Model	AIME ACC↑	AIME TOK↓	AIME EFF↑	AMC ACC↑	GPQA ACC↑	GPQA TOK↓
S1-32B	37.9	6646	5.71E-5	80.9	60.7	4172
S1-32B-P	42.1(+4.2)	4716(-29%)	8.92E-5(+56%)	83.1(+2.2)	61.6(+0.9)	2472(-41%)
LIMO	56.7	12497	4.53E-5	91.9	67.2	7173
LIMO-P	63.3(+6.6)	10588(-15%)	5.98E-5(+32%)	93.8(+1.9)	71.2(+4.0)	6969(-3%)
LIMO-V2	66.3	13896	−	94.4	70.2	8035
LIMO-V2-P	71.2(+4.9)	12163(-12%)	−	96.6(+2.2)	74.2(+3.0)	6968(-13%)

Method Comparison (S1K)	AIME ACC	AIME TOK	GPQA ACC	GPQA EFF
S1-32B (baseline)	37.9	6646	60.7	1.46E-4
S1-PROMPT	36.7	8013	58.0	2.03E-4
S1-SPIRIT (all-step pruning)	37.1	4906	60.1	2.13E-4
S1-RULE (random functional pruning)	36.7	4807	58.1	1.51E-4
S1-32B-P (PIR)	42.1	4716	61.6	2.49E-4

Highlights & Insights¶

Counterintuitive "less is more" finding: Removing low-value reasoning steps actually improves accuracy, suggesting that redundant functional steps may interfere with model learning.
Step-type distinction is critical: By explicitly separating progressive reasoning from functional steps, PIR outperforms SPIRIT's undifferentiated pruning by 5 points on AIME.
Remarkable efficiency gains: S1-32B-P achieves a 71% efficiency improvement on GPQA, with accuracy increasing while token count is nearly halved.
Cross-source generalization: PIR proves effective across data distilled from Gemini, DeepSeek-R1, and QwQ, indicating that it captures universal properties of reasoning.
Cross-scale generalization: Models ranging from 3B to 32B parameters all benefit, with the most pronounced gain on AIME (+11.8% accuracy) observed at the 32B scale.

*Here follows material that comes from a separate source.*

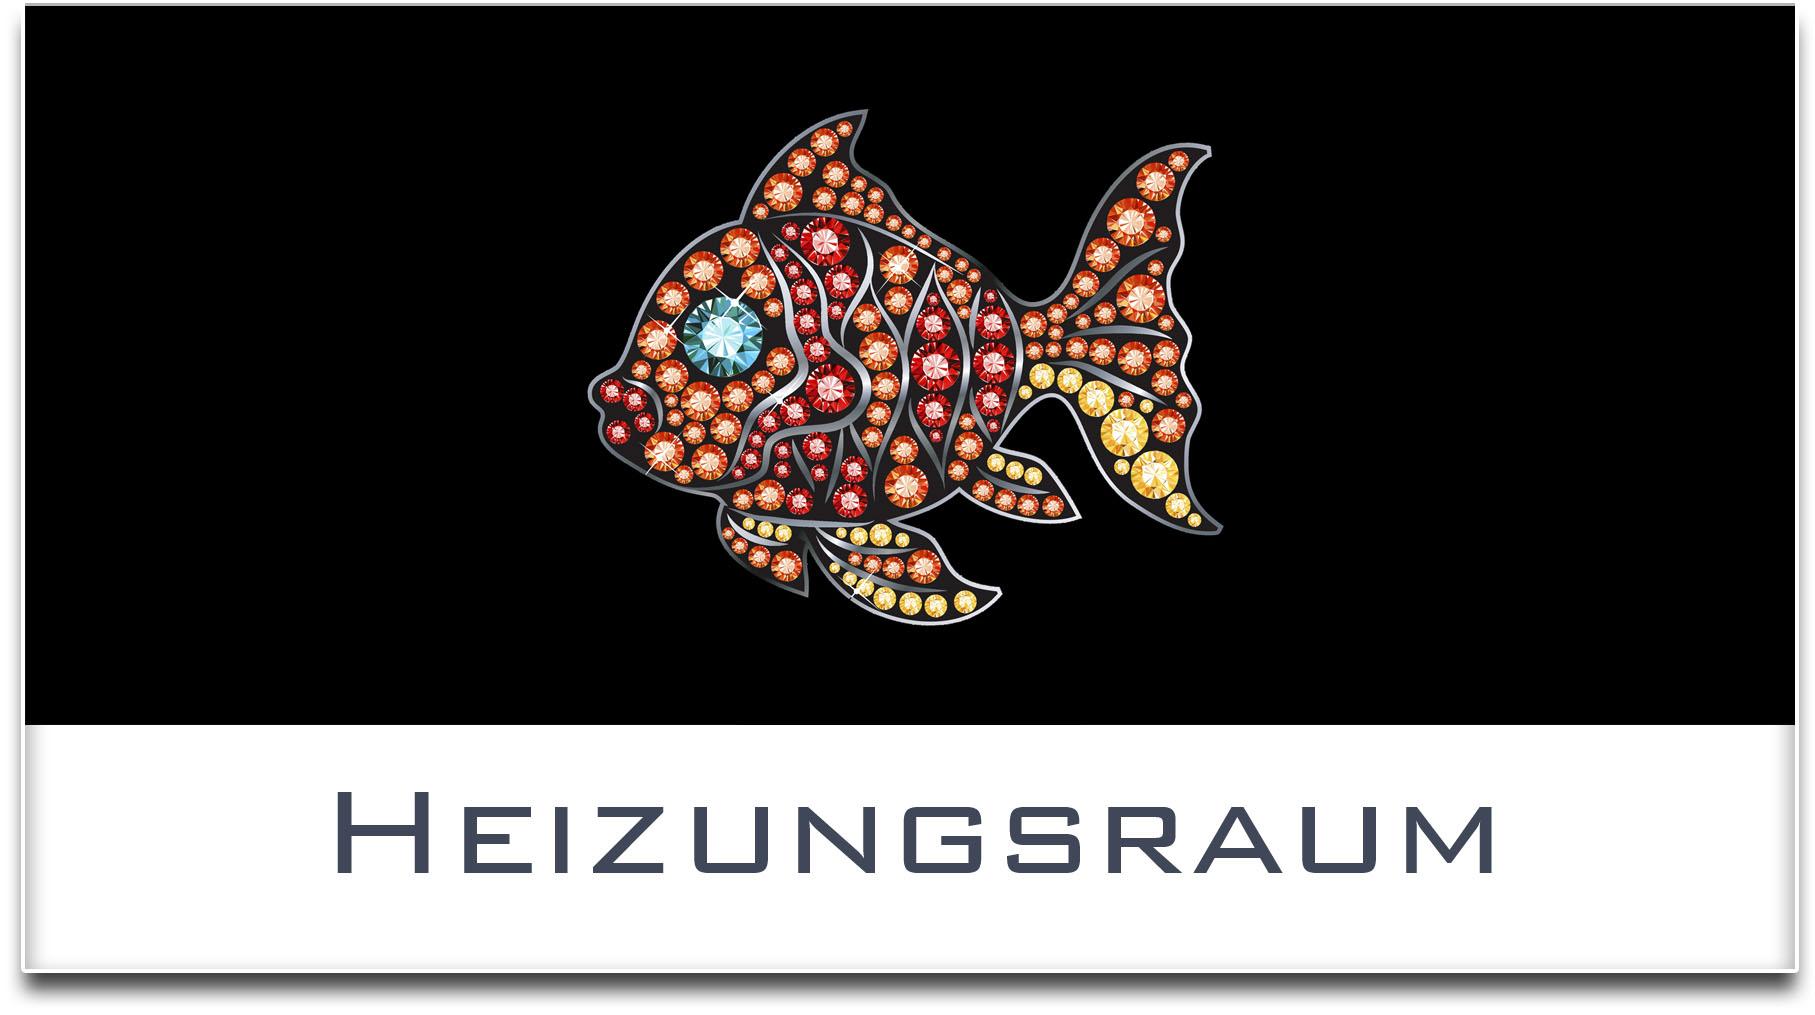 Türschild / Haustürschild / Fisch / Heizungsraum / Selbstklebend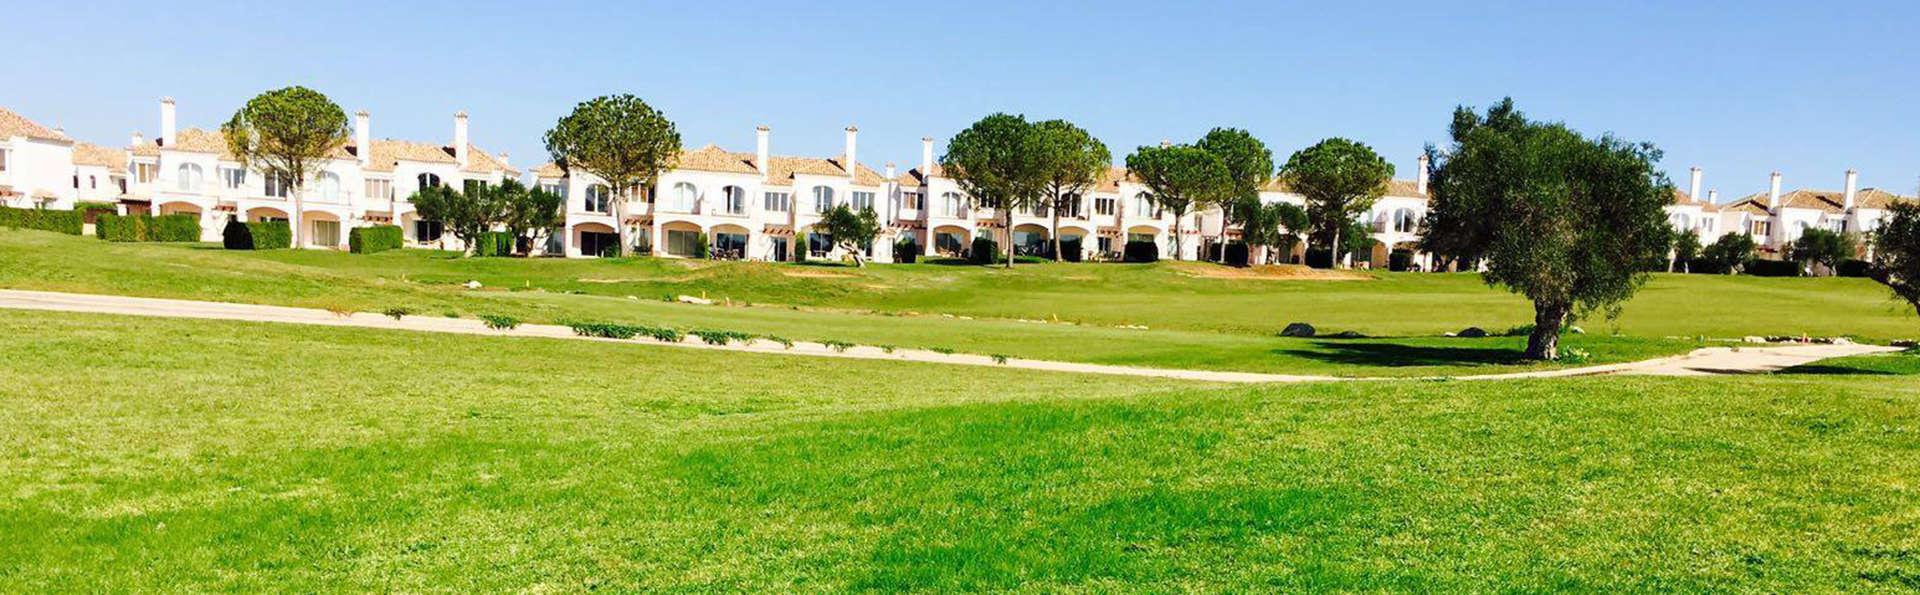 Arcos Golf Hotel Cortijo y Villas - EDIT_front2.jpg

Limitations & Future Work¶

Validation is limited to mathematical and scientific reasoning tasks; broader domains such as logical and commonsense reasoning remain unexplored.
Perplexity may not fully capture the semantic contribution of certain steps, introducing the risk of information loss.
The optimal pruning ratio varies across tasks and models; an adaptive strategy is lacking.
The method relies on model perplexity outputs and is therefore not applicable to closed-source models.
The classification stage depends on Claude 3.7 Sonnet, introducing additional cost and potential classifier bias.

Rating¶

Novelty: ⭐⭐⭐⭐ The PIR metric and the design principle of retaining progressive reasoning while pruning functional steps are clear and novel, though the overall framework builds incrementally on prior work (SPIRIT).
Experimental Thoroughness: ⭐⭐⭐⭐⭐ Three distillation sources × three benchmarks × multiple model scales × ablation studies — highly comprehensive.
Writing Quality: ⭐⭐⭐⭐ The problem is clearly defined, experimental results are presented systematically, and tables are highly informative.
Value: ⭐⭐⭐⭐ Offers direct practical value for LLM inference efficiency optimization; the method is simple and reproducible.